I headed for the Ohio and about a half mile the transducer came off the boat, I did get it back into the boat. Now just have to figure out a better way to make sure it does not come off in the future. I headed back to the ramp area just to be sure I would not have any trouble restarting the motor. I killer the motor about 40 feet from the ramp then tried to fire it up. No GO! Paddled the boat to the ramp and rested for about 5 minutes. After several more pulls it fired up again, I then went up the Licking about a mile. Motor was running o.k.; so I stopped across from the ramp area and fished for about 20 minutes. I then realized I left my cell phone in the car, so back to the ramp again. Got my cell phone turned it on LOW BATTERY! No way I was going out on the Ohio River without the phone working. 
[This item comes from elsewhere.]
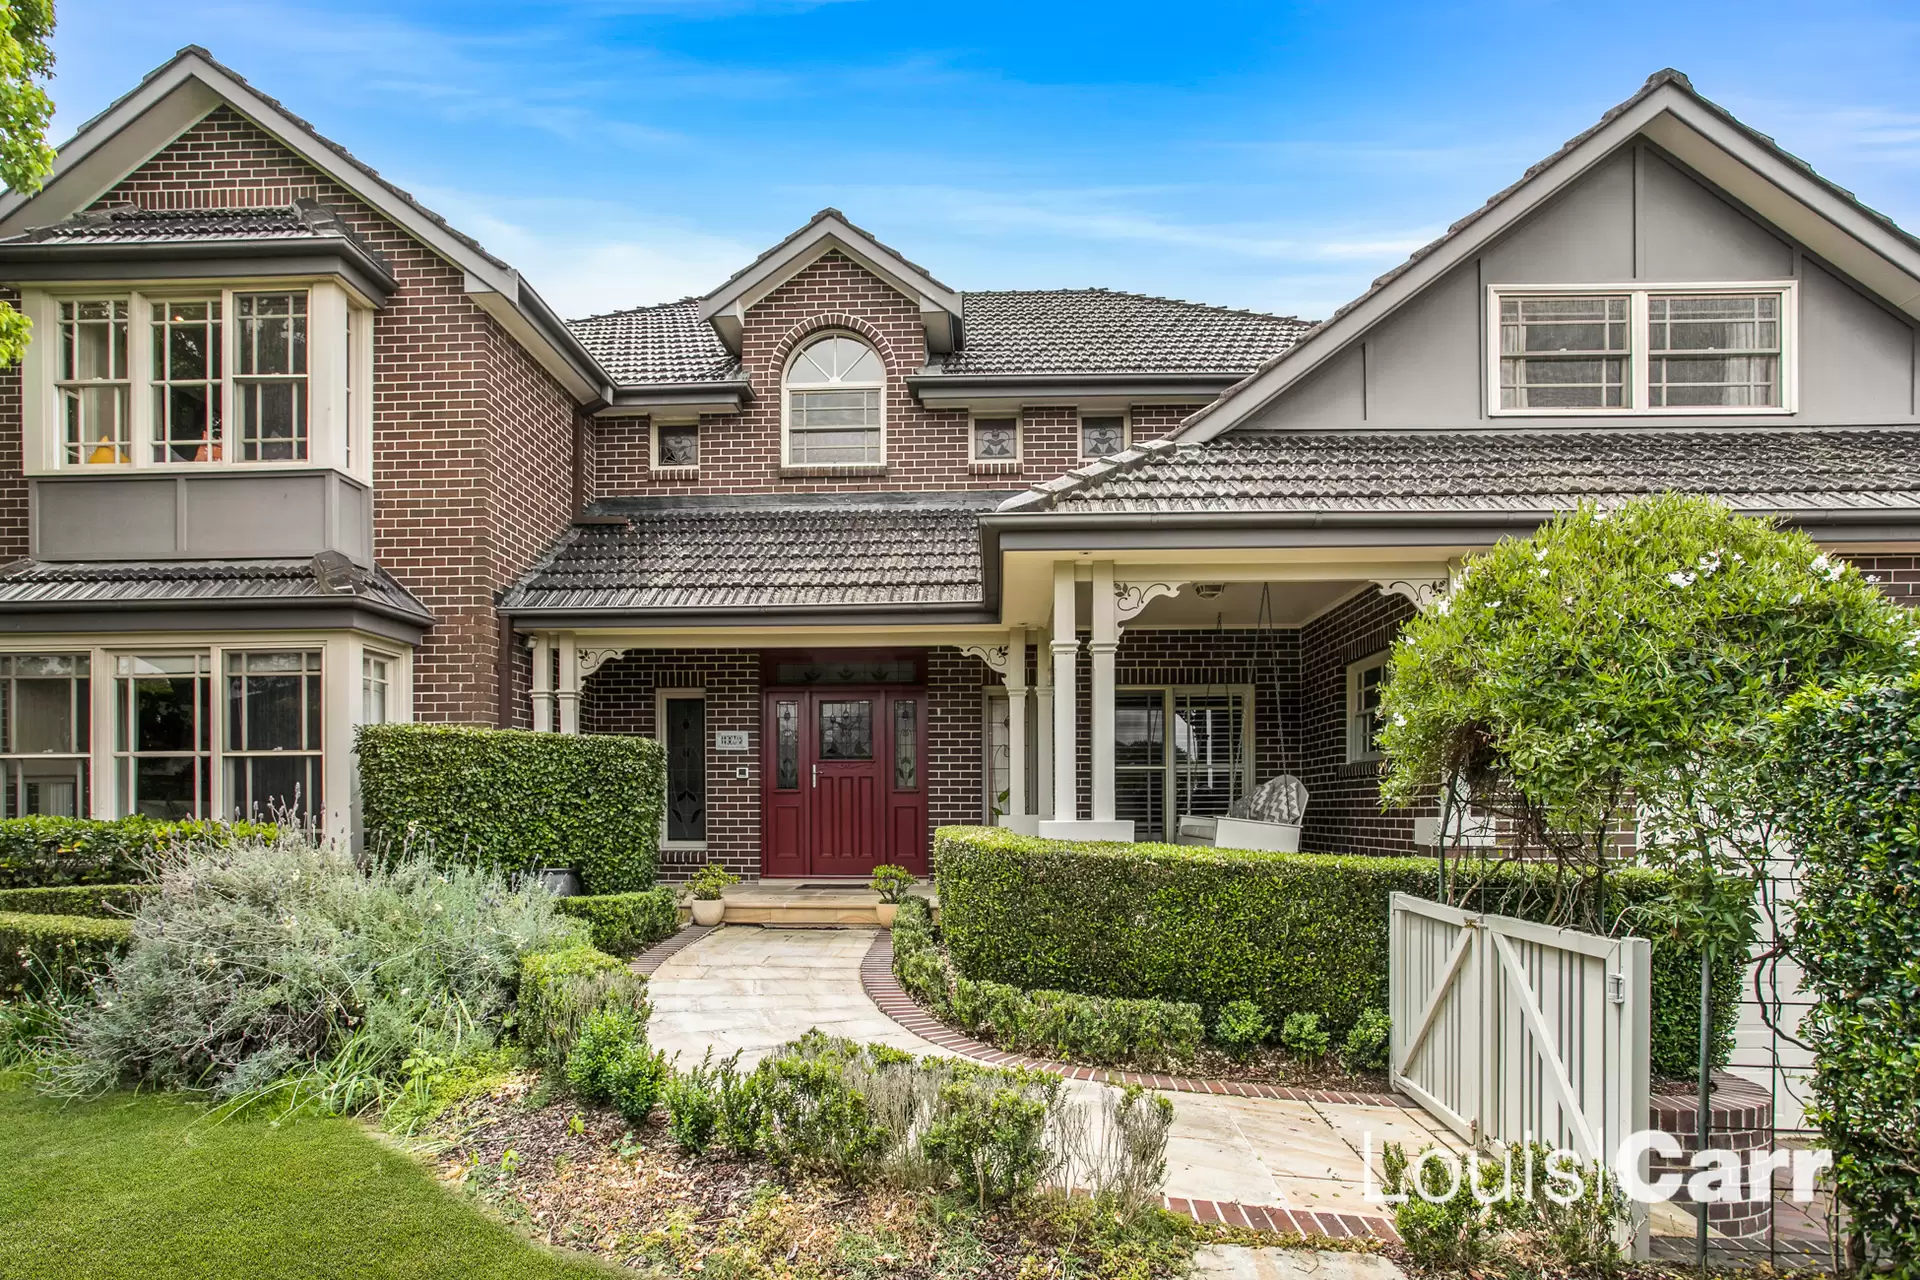 Photo #1: 2 Glenfern Close, West Pennant Hills - Leased by Louis Carr Real Estate

I pulled the boat out and headed home. My plan then was just to put my 6 h.p. motor on and go back to Fredricks Landing. When I did get the motor changed out the wind was kicking up so figure it was no going to be fun fighting white cap on the OHIO so called it a day.


----------



## "Big" mark the shark (Jan 21, 2010)

Yep I would say that was a bad day lol.Better luck next time tight lines.


----------



## Canoerower (Jun 28, 2011)

Try to Put it in the boat on the bottom facing down. If its a downward sonar it will work just fine. If its a side sweeper put it on a piece of PVC and get you a sideways clamp and clamp it to the edge of the boat when your fishing.


----------



## Dizzy (Oct 1, 2012)

Look at it this way, sounds like it was just how a shake down run should have gone. You recognized a few problems that need attention so the next trip all the bugs should be worked out. If you are able to put your phone in airplane mode you can try that to save your battery.


----------



## nlcatfish (Mar 21, 2005)

Dizzy you are right about the idea of a shake down I just had hoped to get from the ramp to the Ohio river so I could do some fishing. I only use my cell phone if I am out in the boat not day in &day out. SO I did not check the battery level before I left. 
So today I will be working on getting the transom mount transducer staying to the back of the boat. Canonrower I may wind up with using your suggestion if my plan fails. In the past the transducer held with heavy duty Velcrow on the bracket ,2 strips on the bottom of the boat and 2 large size suction cups on each side It did not come with large rubber suction cup on the bracket SO that is where I am at the moment. Next trip I will stick with my 6 h.p. motor it is slower but I know it will start up each time. The way thing look right now it will a week or so before I take the boat out again. Thanks again for the info, Tight lines.


----------